Para Bapak-Bapak juga menikmati kopinya. Abi juga tak menolak kopi dia juga sering minum kopi hitam saat harus begadang menyelesaikan pekerjaannya.
"Abi, sudah sana ke kamar, kasian Lita menunggu,” ujar Papa Lita.
"Iya Om. Eh, Pa."
"Eh, Bi. ini hadiah dari gue. Hampir lupa gue ngasihnya." Wahyu berucap pelan menghampiri Abi yang sudah beranjak.
"Thanks ya bro."
"Sama-sama adik ipar," sahut Wahyu lagi-lagi dengan nada jahilnya.
Abi berjalan ke arah lift. Memencet angka lantai kamarnya. Abi menilik tas kantung kecil yang diberikan Wahyu, kemudian menggeleng karena isinya hanyalah kaset VCD kartun. Dia kira gue anak-anak batin Abi.
Abi memencet bel. Sejak tadi dia santai tapi mendekati kamar pengantinnya keringat dingin mulai bermunculan. Ini yang orang sebut malam pertama apa yang akan dilakukannya. Dia jelas tak punya pengalaman sama sekali. Berciuman saja dia belum pernah. Abi selalu mendapat predikat anak baik-baik. Jalan hidupnya—Sangat. Amat. Lurus.
"Masuk mas." Belum apa-apa suara merdu telah menyambutnya. Lita terlihat segar sehabis mandi tercium dari aroma sabunnya, dia juga telah berganti dengan baju tidur sutra berwarna merah maroon.
"Eh iya,” sahut Abi kikuk.
"Mas kalau mau mandi. Bajunya udah aku siapin dikamar mandi."
"Iya, makasih." Jawab Abi canggung.
Abi langsung bergegas kekamar mandi, menghindari kecanggungan. Abi sengaja berlama dikamar mandi, air shower tetap mengguyur membasahi kepalanya. Ini cocok untuk mendinginkan kepalanya supaya bisa berpikir jernih untuk selanjutnya.
Abi keluar dengan kaos dan celana panjang yang sudah disiapkan Lita. Tetesan air dari rambutnya membasahi handuk kecil masih bertengger di lehernya.
"Mas ini aku sengaja buatin Mas wedang jahe. Kayaknya Mas lelah banget." Lita menyodorkan segelas minuman dalam nampan kecil. Dia membuat sendiri sementara ini dihotel. Hati siapa yang tak luluh. Cantik, manis, lembut, juga baik pekertinya. Benar-benar menantu idaman.

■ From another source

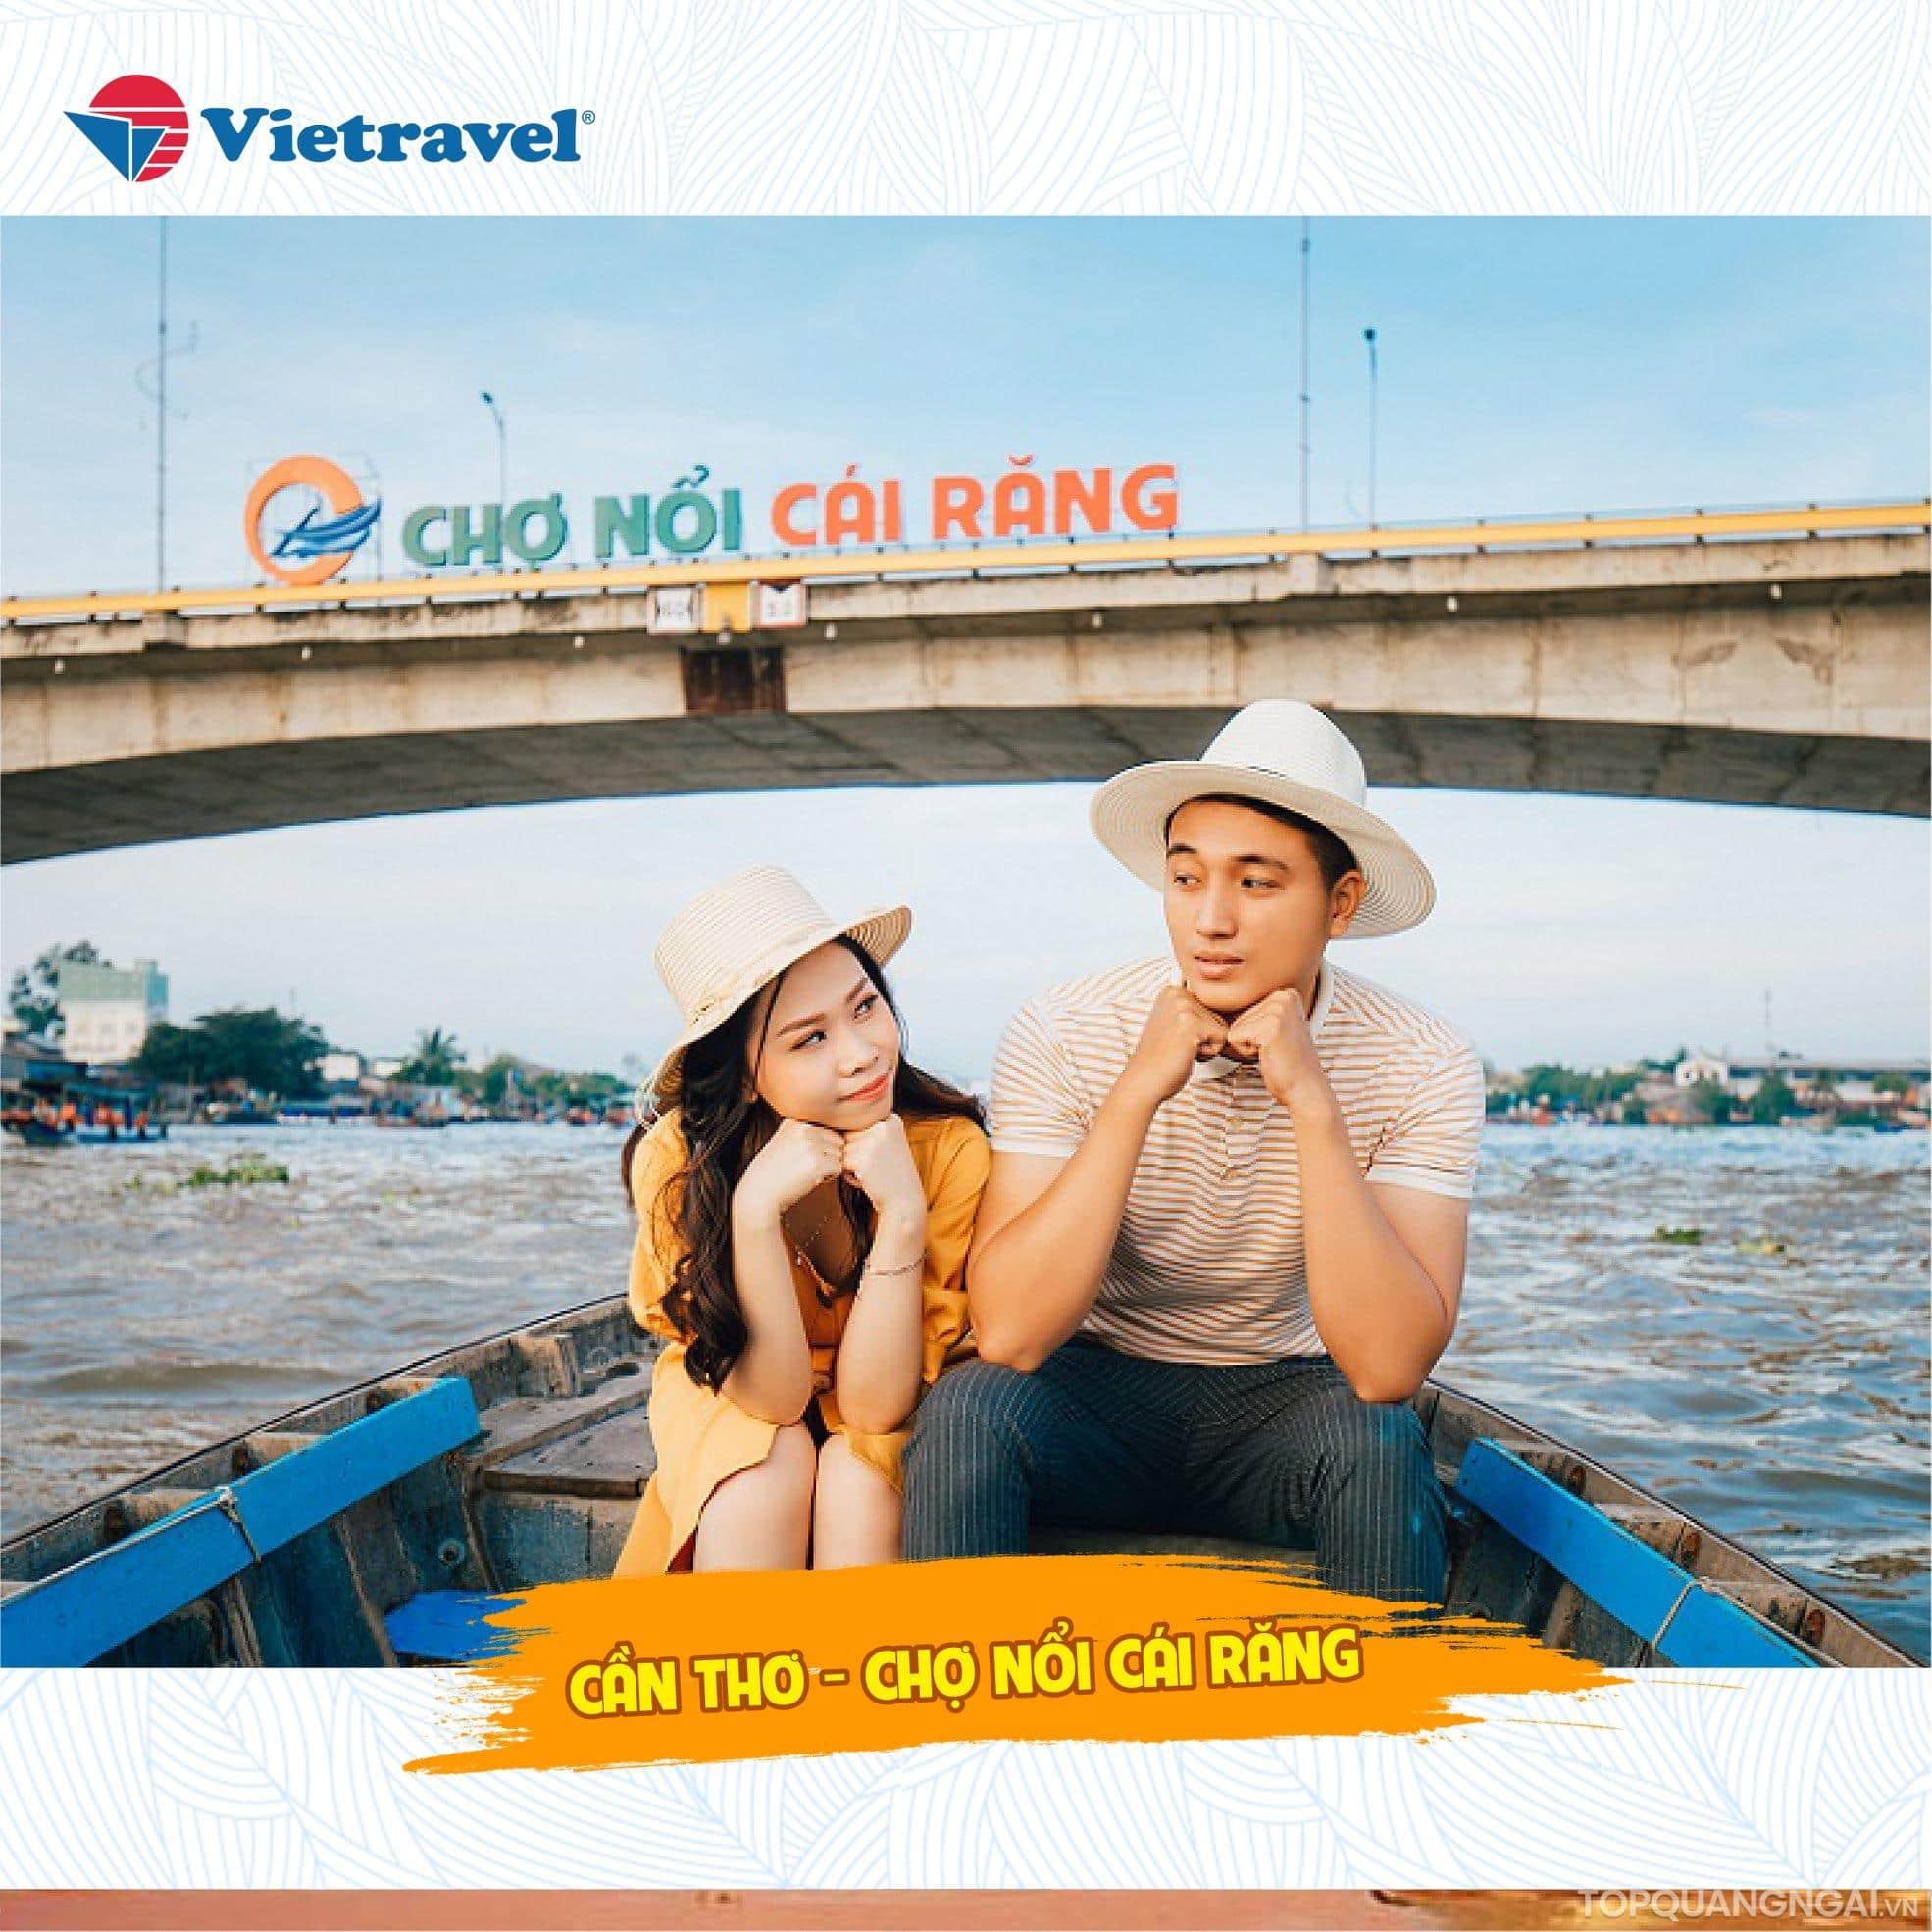 công ty du lịch uy tín ở Quảng Ngãi

Abi menatapnya lembut dan mengambil gelas yang disuguhkan. Dengan gerakan lambat Abi menggerakkan tangannya yang memegang gelas hingga menyentuh bibir bagian bawah. Terlalu cepat. Ini terlalu cepat, batinnya.
Lita menambah lebar senyumannya hingga ujung matanya berkedut. Ini gerakan terlama bagi seseorang yang hendak meminum.
Gotcha! Abi mendapatkannya. Lita yang mempunyai isi kepala picik, tak mungkin berubah secepat ini. Bunyi gelas kaca beradu dengan nampan keramik. Cipratan air mengenai punggung tangan Abi yang masih memegang erat gelas yang diletakkannya kembali ke nampannya.
"Kenapa? Mas tidak suka." Masih dengan ekspresi lembut Lita.
"Jangan berpura-pura lagi, kamu bisa menipu seluruh keluarga tapi tidak denganku."
Air muka Lita seketika berubah bukan tatapan takut dan terluka karena dituduh. Lita menaikkan sebelah alisnya. Tangannya meletakkan nampan kasar diatas meja.
"Well, aku terkejut loh kamu tidak terpengaruh." Dia berdiri bersidekap dengan gaya congkak khasnya yang sangat dihapal Abi.
Tatapan mereka saling menusuk.
Hebat juga dia, batin Lita.
Kamu kira aku tertipu. Dari kedutan matanya saat tersenyum aku sudah tau, jawab Abi dalam hati.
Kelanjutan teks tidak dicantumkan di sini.